● **EXERCISE AIM**:
Every line below is to be copied exactly, with the pictures left out.

● **DATA EXTRACT**:
--- --- ---
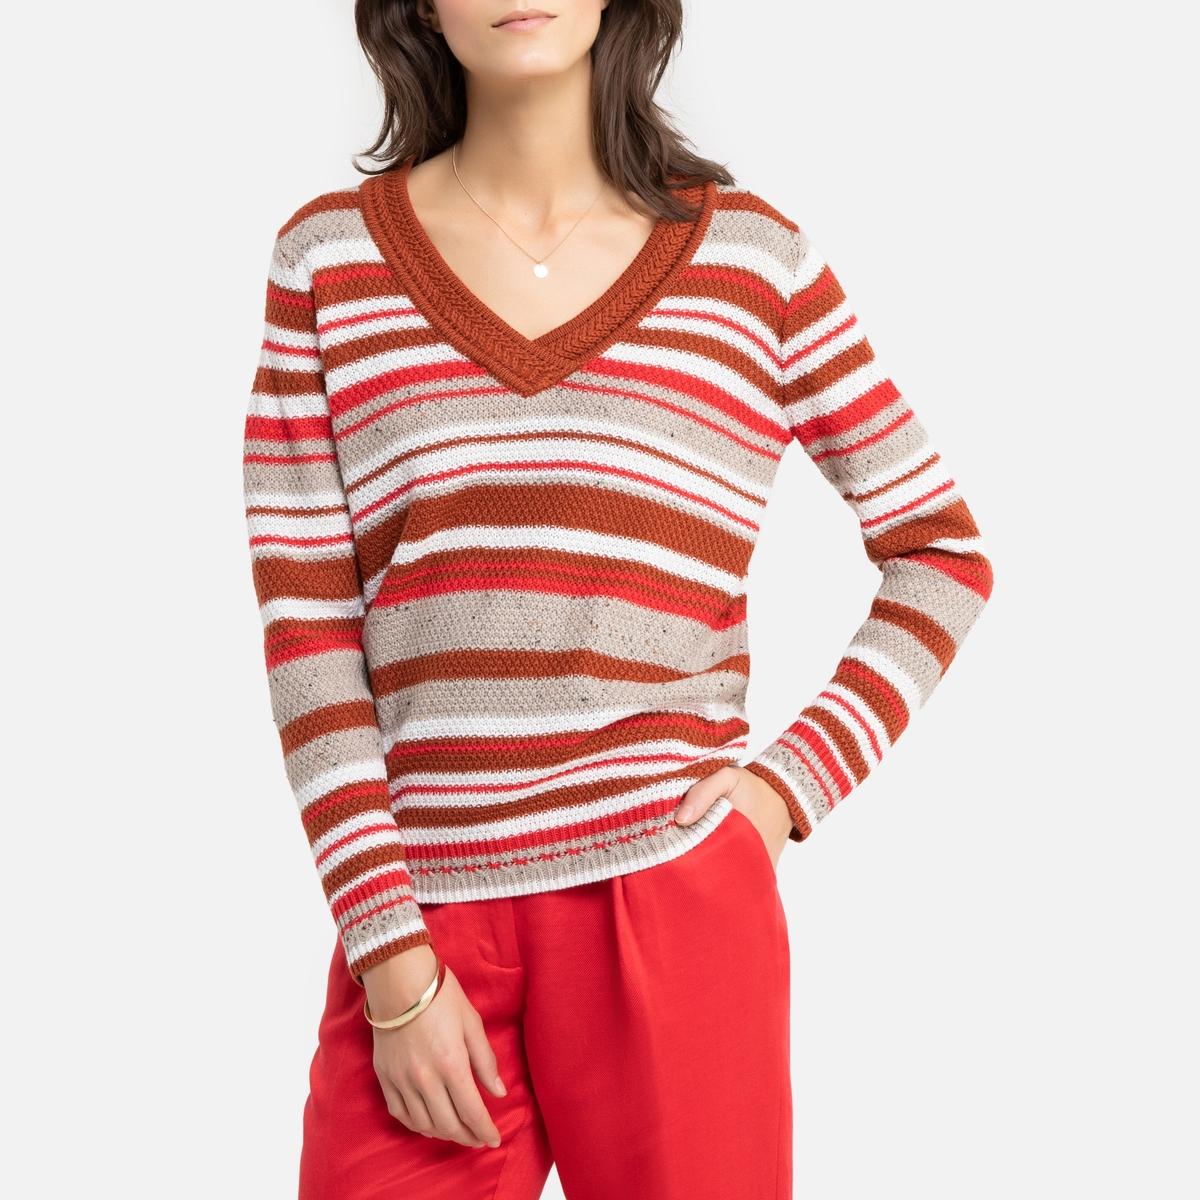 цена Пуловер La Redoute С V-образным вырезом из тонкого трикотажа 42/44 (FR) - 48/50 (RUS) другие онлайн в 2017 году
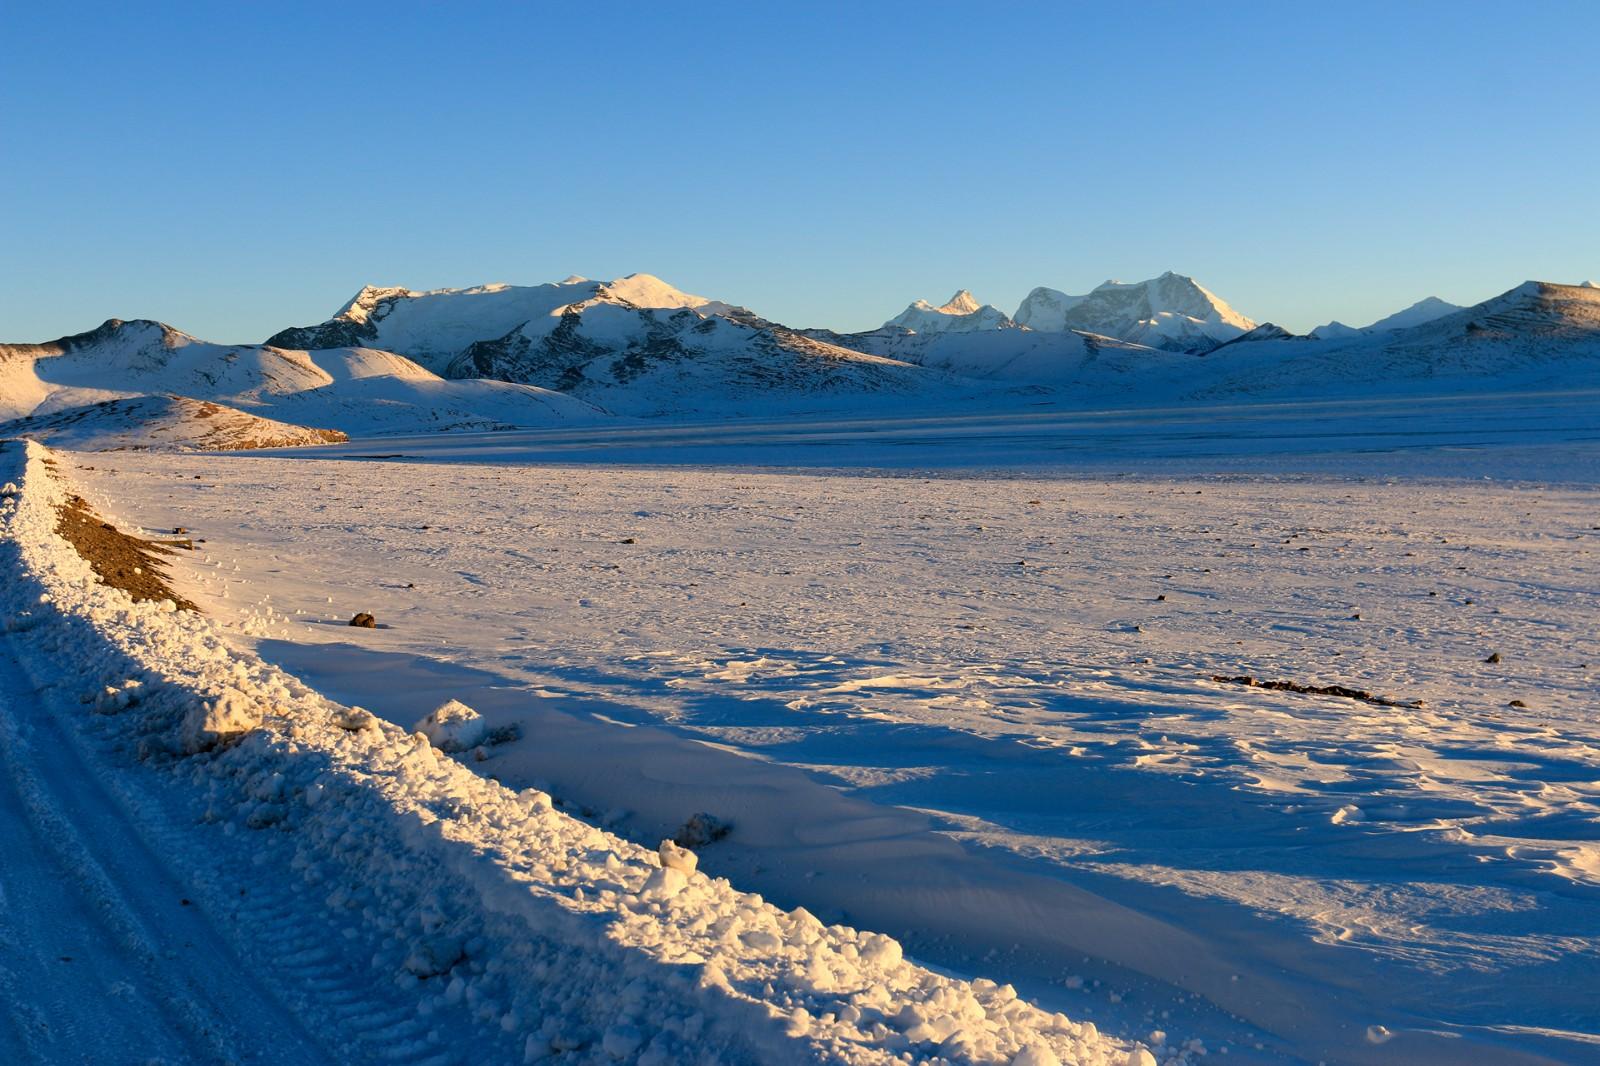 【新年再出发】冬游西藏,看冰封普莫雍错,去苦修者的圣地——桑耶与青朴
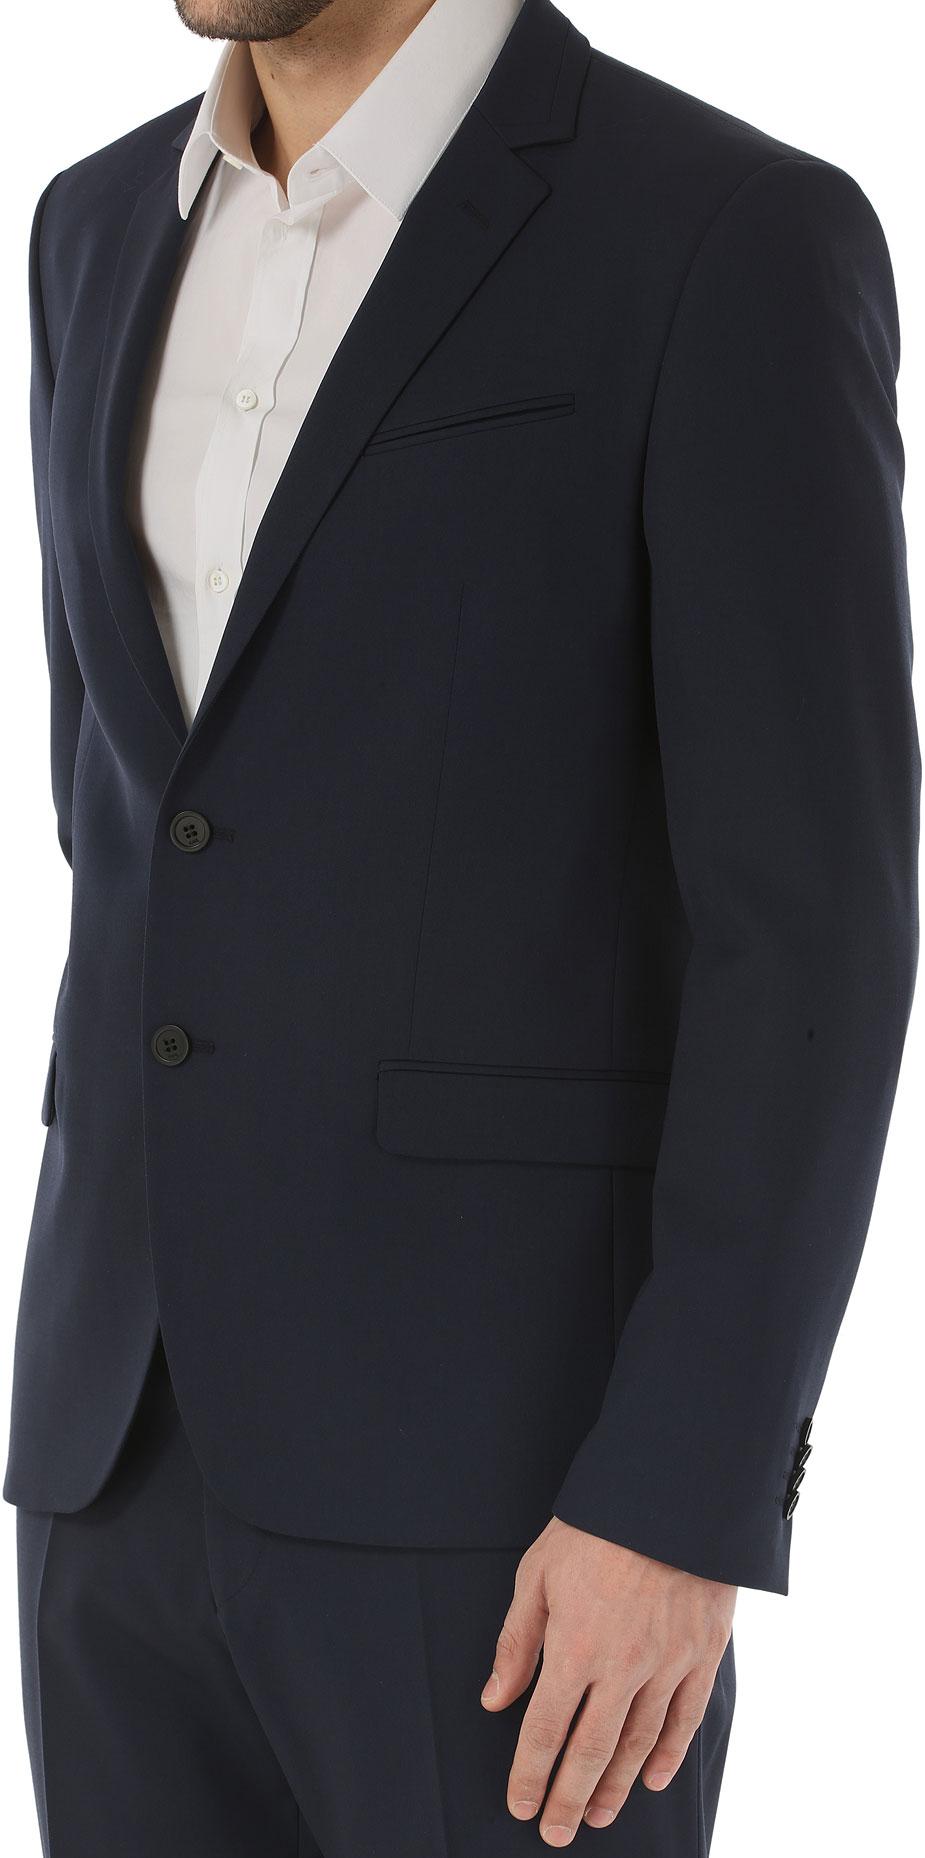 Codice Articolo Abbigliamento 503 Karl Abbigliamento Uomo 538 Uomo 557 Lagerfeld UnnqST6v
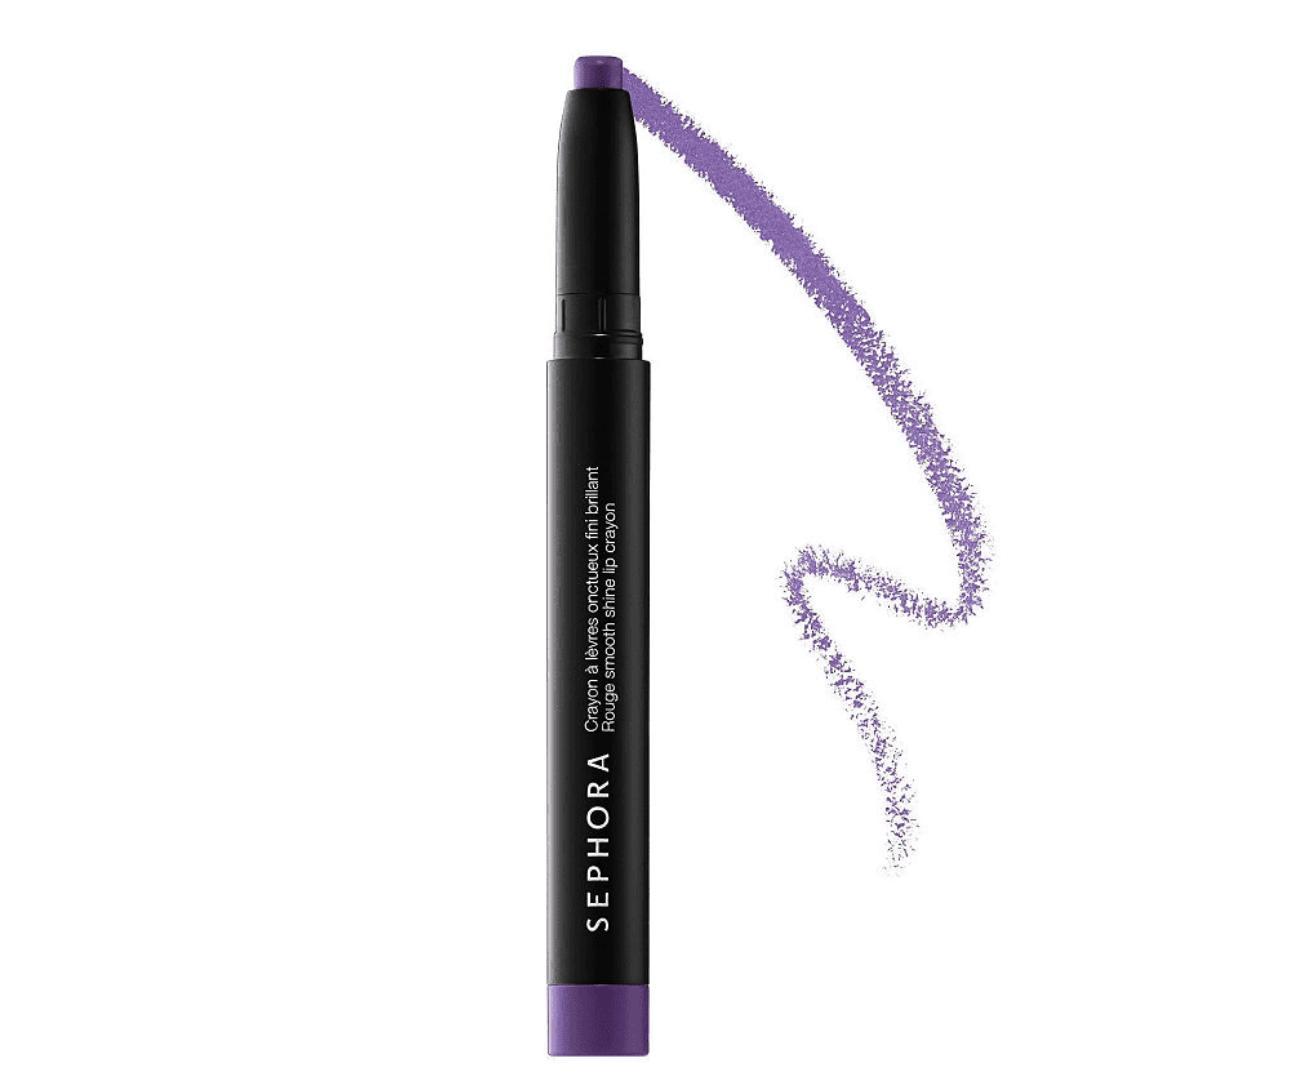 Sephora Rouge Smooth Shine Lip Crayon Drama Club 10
--- --- ---
● **RESULT FOR THIS EXERCISE**:
 цена Пуловер La Redoute С V-образным вырезом из тонкого трикотажа 42/44 (FR) - 48/50 (RUS) другие онлайн в 2017 году
 【新年再出发】冬游西藏,看冰封普莫雍错,去苦修者的圣地——桑耶与青朴
 Codice Articolo Abbigliamento 503 Karl Abbigliamento Uomo 538 Uomo 557 Lagerfeld UnnqST6v
 Sephora Rouge Smooth Shine Lip Crayon Drama Club 10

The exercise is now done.